[Task statement]
Nothing outside the stretch is wanted. Repeat exactly the lines of the listing below from the one that contains "Drumhardware - Tama" through the one that contains "テメリティモディッシュゼリー", both ends included.

====== Listed records

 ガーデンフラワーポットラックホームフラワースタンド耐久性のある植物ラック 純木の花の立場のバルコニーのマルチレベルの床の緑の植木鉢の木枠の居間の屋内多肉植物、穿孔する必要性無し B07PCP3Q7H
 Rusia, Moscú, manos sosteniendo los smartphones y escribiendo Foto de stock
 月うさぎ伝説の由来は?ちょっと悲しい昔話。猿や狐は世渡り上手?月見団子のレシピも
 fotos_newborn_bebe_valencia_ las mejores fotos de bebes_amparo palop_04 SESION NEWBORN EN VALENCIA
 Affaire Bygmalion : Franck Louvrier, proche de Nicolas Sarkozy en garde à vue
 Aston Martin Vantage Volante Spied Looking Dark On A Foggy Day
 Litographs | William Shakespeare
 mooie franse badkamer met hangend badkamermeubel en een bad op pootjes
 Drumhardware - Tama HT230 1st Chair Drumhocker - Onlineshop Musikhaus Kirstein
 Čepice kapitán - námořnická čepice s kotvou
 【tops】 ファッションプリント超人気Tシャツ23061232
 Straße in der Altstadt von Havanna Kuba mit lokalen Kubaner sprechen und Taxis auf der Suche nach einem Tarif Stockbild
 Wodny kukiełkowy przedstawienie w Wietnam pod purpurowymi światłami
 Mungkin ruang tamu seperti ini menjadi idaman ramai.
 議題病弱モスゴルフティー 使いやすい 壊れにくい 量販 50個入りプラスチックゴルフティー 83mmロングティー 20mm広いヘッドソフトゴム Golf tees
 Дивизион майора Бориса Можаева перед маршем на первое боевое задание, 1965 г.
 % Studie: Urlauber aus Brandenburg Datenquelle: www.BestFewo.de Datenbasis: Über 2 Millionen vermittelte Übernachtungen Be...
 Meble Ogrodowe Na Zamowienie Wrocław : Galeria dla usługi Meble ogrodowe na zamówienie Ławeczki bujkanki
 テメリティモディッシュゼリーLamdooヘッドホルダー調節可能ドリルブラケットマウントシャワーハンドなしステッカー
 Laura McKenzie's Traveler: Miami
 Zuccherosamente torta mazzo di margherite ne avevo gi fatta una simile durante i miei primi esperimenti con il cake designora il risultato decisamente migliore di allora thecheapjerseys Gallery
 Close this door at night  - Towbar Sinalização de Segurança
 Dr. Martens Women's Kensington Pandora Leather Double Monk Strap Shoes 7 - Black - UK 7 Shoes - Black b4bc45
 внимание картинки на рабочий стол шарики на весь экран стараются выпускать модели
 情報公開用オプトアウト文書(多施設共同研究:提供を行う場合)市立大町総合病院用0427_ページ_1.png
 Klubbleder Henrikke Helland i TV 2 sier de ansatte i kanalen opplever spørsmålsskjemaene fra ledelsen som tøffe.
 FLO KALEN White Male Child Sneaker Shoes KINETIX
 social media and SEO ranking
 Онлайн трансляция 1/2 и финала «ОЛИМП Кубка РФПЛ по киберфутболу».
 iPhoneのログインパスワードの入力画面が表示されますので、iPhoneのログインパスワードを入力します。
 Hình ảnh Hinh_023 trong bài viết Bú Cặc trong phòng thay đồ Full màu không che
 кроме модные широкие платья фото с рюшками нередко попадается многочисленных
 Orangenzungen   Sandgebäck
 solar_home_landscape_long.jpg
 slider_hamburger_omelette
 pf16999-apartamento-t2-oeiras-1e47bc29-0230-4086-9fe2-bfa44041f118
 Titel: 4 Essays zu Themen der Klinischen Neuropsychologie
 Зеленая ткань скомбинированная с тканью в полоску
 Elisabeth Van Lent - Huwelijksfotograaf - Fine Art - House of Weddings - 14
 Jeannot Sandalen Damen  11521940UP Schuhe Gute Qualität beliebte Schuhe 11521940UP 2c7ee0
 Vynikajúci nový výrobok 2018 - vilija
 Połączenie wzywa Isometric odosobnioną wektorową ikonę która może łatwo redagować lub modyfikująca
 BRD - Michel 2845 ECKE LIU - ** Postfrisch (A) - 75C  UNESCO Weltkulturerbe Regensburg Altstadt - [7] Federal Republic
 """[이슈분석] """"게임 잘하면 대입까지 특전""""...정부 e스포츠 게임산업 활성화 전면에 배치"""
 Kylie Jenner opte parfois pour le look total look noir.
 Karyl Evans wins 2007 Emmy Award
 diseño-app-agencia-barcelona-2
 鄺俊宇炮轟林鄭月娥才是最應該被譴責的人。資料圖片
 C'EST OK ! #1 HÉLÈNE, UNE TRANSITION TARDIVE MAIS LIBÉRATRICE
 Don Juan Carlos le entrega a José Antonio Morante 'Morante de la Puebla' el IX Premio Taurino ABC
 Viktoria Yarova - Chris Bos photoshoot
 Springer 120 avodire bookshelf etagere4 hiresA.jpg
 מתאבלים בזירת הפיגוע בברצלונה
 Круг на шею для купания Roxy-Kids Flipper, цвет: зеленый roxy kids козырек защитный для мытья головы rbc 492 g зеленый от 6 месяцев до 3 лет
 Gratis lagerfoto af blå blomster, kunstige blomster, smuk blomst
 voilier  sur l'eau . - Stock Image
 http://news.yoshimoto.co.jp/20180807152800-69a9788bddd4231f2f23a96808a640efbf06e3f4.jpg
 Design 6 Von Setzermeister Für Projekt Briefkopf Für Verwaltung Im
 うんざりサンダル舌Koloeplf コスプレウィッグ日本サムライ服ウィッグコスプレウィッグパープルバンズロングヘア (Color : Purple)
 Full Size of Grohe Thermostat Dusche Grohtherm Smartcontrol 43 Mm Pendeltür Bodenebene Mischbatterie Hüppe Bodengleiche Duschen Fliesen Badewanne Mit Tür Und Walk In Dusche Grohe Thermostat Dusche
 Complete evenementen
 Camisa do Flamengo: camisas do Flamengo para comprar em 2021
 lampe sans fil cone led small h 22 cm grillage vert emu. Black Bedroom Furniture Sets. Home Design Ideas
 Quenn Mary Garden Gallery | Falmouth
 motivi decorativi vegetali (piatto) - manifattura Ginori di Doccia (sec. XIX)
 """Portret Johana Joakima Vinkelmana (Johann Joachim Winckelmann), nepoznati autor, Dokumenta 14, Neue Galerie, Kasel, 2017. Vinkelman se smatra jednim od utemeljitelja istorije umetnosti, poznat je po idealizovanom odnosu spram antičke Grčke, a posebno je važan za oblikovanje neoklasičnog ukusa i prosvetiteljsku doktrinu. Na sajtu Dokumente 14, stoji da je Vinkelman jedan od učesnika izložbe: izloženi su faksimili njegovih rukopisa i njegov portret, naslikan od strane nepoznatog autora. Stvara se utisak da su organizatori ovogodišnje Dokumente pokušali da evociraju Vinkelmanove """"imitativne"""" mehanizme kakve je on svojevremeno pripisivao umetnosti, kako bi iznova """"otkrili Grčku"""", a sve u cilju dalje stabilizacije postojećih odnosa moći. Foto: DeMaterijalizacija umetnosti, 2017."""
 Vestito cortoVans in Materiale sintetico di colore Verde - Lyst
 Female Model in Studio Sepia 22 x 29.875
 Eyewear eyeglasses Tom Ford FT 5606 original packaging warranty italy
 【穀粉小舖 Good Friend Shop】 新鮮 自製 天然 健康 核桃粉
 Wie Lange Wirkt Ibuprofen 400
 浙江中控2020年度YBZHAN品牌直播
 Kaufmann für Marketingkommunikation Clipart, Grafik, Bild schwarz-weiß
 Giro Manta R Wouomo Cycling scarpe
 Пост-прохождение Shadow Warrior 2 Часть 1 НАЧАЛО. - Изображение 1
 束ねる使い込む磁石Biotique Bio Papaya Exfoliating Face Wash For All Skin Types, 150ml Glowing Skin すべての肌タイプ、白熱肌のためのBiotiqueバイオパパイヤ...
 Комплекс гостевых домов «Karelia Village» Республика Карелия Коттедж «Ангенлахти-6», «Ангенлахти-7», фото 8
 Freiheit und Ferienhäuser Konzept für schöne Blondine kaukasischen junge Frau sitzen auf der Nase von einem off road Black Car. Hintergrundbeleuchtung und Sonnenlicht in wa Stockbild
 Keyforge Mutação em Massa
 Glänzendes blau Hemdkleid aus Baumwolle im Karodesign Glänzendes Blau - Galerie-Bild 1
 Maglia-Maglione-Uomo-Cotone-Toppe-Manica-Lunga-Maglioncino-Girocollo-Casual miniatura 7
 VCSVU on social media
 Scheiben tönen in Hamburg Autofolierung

============

[Problem solution]
 Drumhardware - Tama HT230 1st Chair Drumhocker - Onlineshop Musikhaus Kirstein
 Čepice kapitán - námořnická čepice s kotvou
 【tops】 ファッションプリント超人気Tシャツ23061232
 Straße in der Altstadt von Havanna Kuba mit lokalen Kubaner sprechen und Taxis auf der Suche nach einem Tarif Stockbild
 Wodny kukiełkowy przedstawienie w Wietnam pod purpurowymi światłami
 Mungkin ruang tamu seperti ini menjadi idaman ramai.
 議題病弱モスゴルフティー 使いやすい 壊れにくい 量販 50個入りプラスチックゴルフティー 83mmロングティー 20mm広いヘッドソフトゴム Golf tees
 Дивизион майора Бориса Можаева перед маршем на первое боевое задание, 1965 г.
 % Studie: Urlauber aus Brandenburg Datenquelle: www.BestFewo.de Datenbasis: Über 2 Millionen vermittelte Übernachtungen Be...
 Meble Ogrodowe Na Zamowienie Wrocław : Galeria dla usługi Meble ogrodowe na zamówienie Ławeczki bujkanki
 テメリティモディッシュゼリーLamdooヘッドホルダー調節可能ドリルブラケットマウントシャワーハンドなしステッカー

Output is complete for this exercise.